— Приберегите этот смех для палача.

— Я подумал, — сказал Димитриос, — что в конечном счете глупость всегда одерживает верх. Если не твоя, то чья-то еще. — Лицо его изменилось. — Пять миллионов, месье! — гневно выкрикнул он. — Этого что, недостаточно, или вы хотите, чтобы меня убили?

Латимер на несколько секунд застыл.
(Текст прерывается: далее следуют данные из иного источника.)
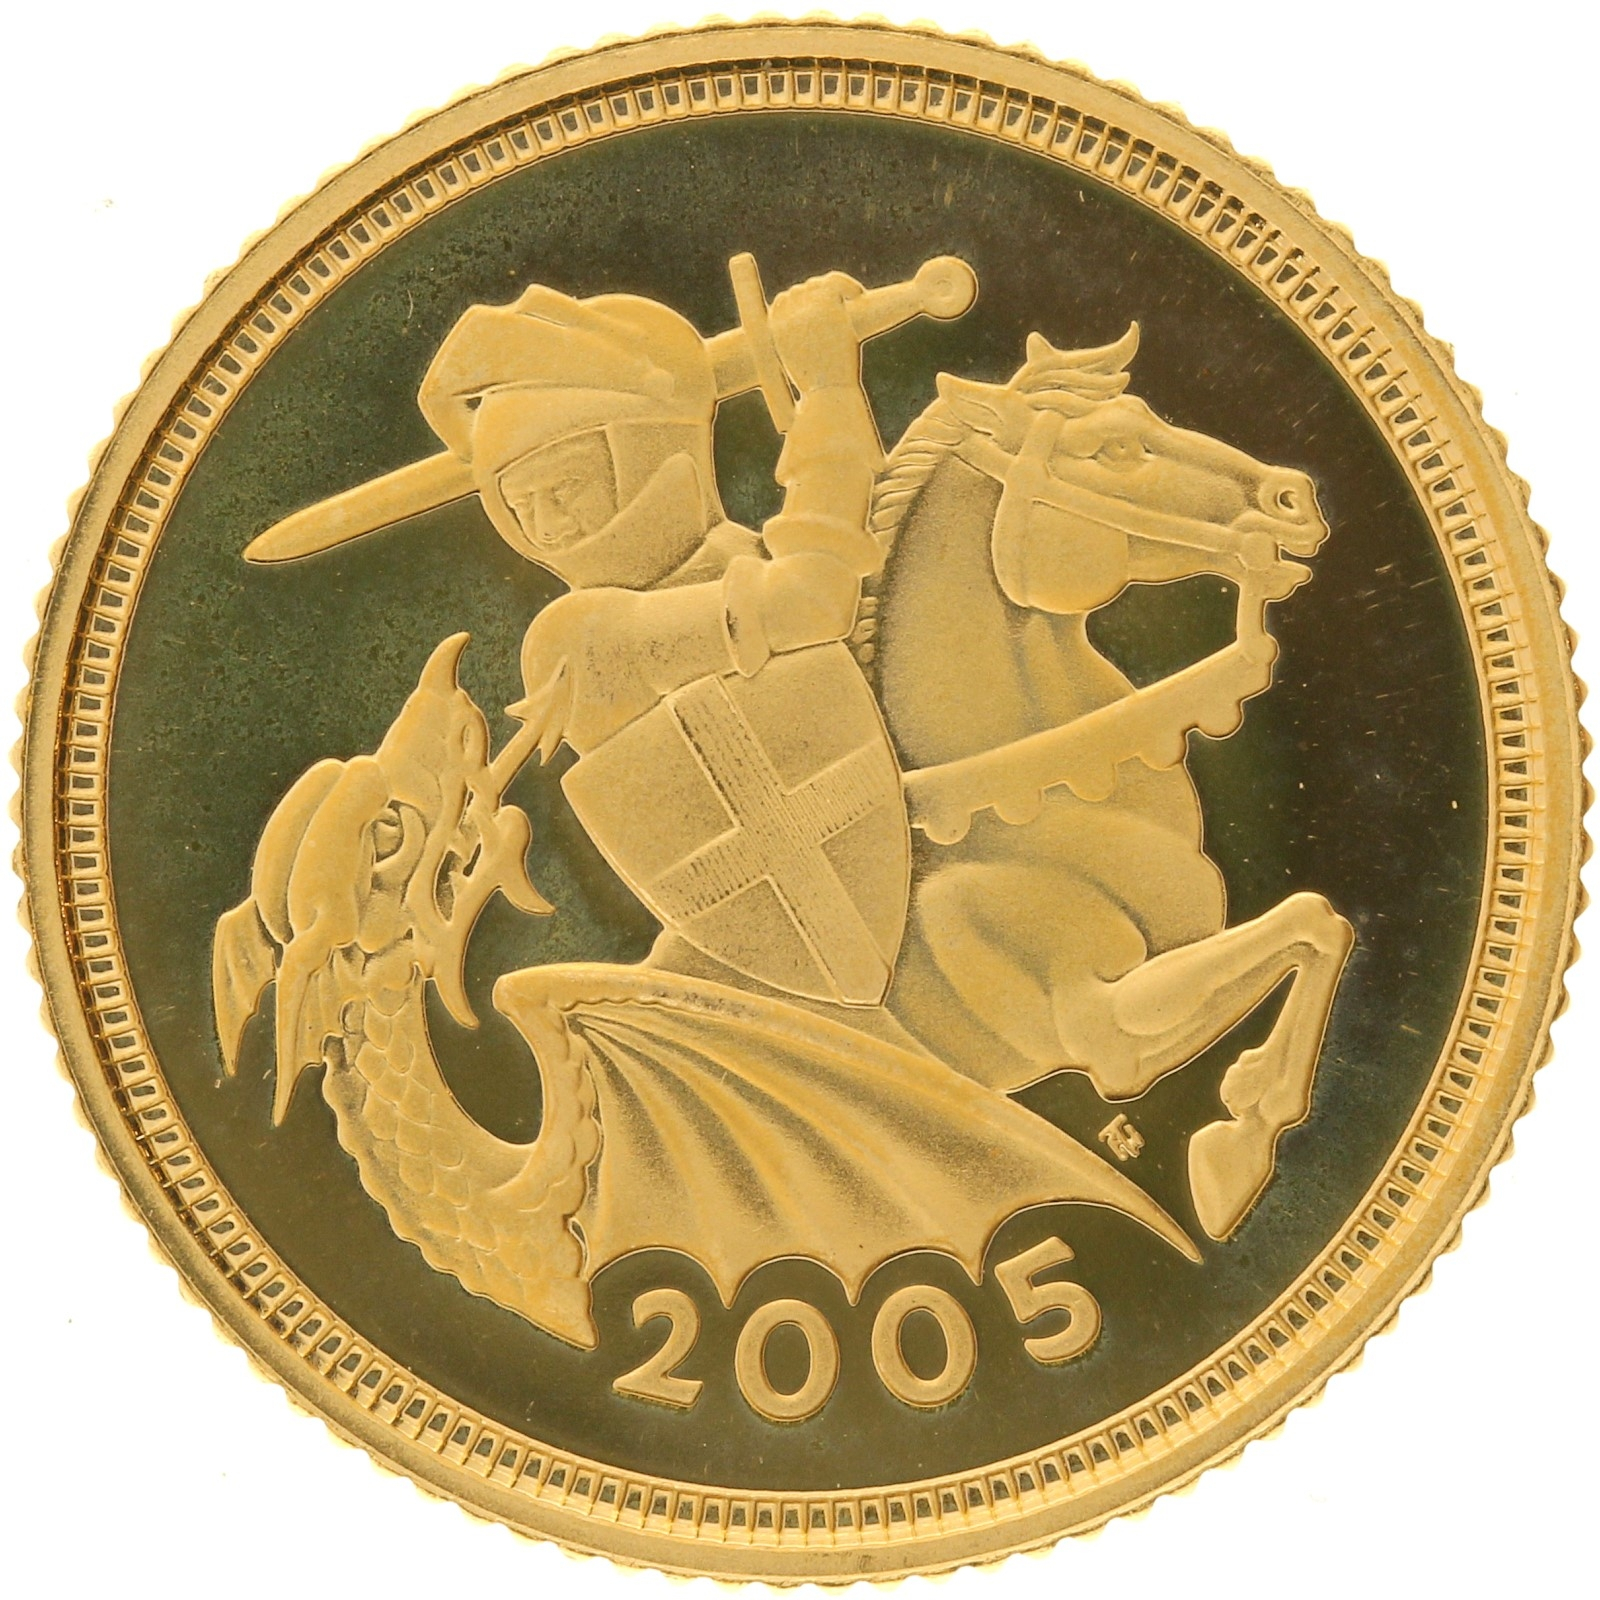 United Kingdom - 1/2 sovereign - 2005 - PROOF - Elizabeth II

Димитриос его почти убедил. Потом он вспомнил, что этот человек так же убеждал других, и не стал больше ждать. Закрывая дверь, он услышал, как Димитриос что-то кричал ему вслед.

Он был уже на полпути к выходу, когда услышал четыре выстрела. Один за другим раздались три. Потом тишина, и еще один, последний.

Душа ушла в пятки, Латимер развернулся и помчался обратно в комнату. Позднее ему показалось удивительным, что, взлетая вверх по ступенькам, прежде всего он боялся за мистера Питерса.

Димитриос представлял собой не очень приятное зрелище. Только одна пуля из «люгера» не попала в цель. Две застряли в теле. Четвертая, очевидно, выпущенная после того, как Димитриос упал на пол, прошла между глаз и почти снесла полголовы. Тело все еще билось в судорогах.

«Люгер» выпал из пальцев мистера Питерса, а сам он, прислонившись к краю софы, открывал и закрывал рот, как рыба, выброшенная на берег. Внезапно он стал давиться: изо рта тонкой струйкой потекла кровь.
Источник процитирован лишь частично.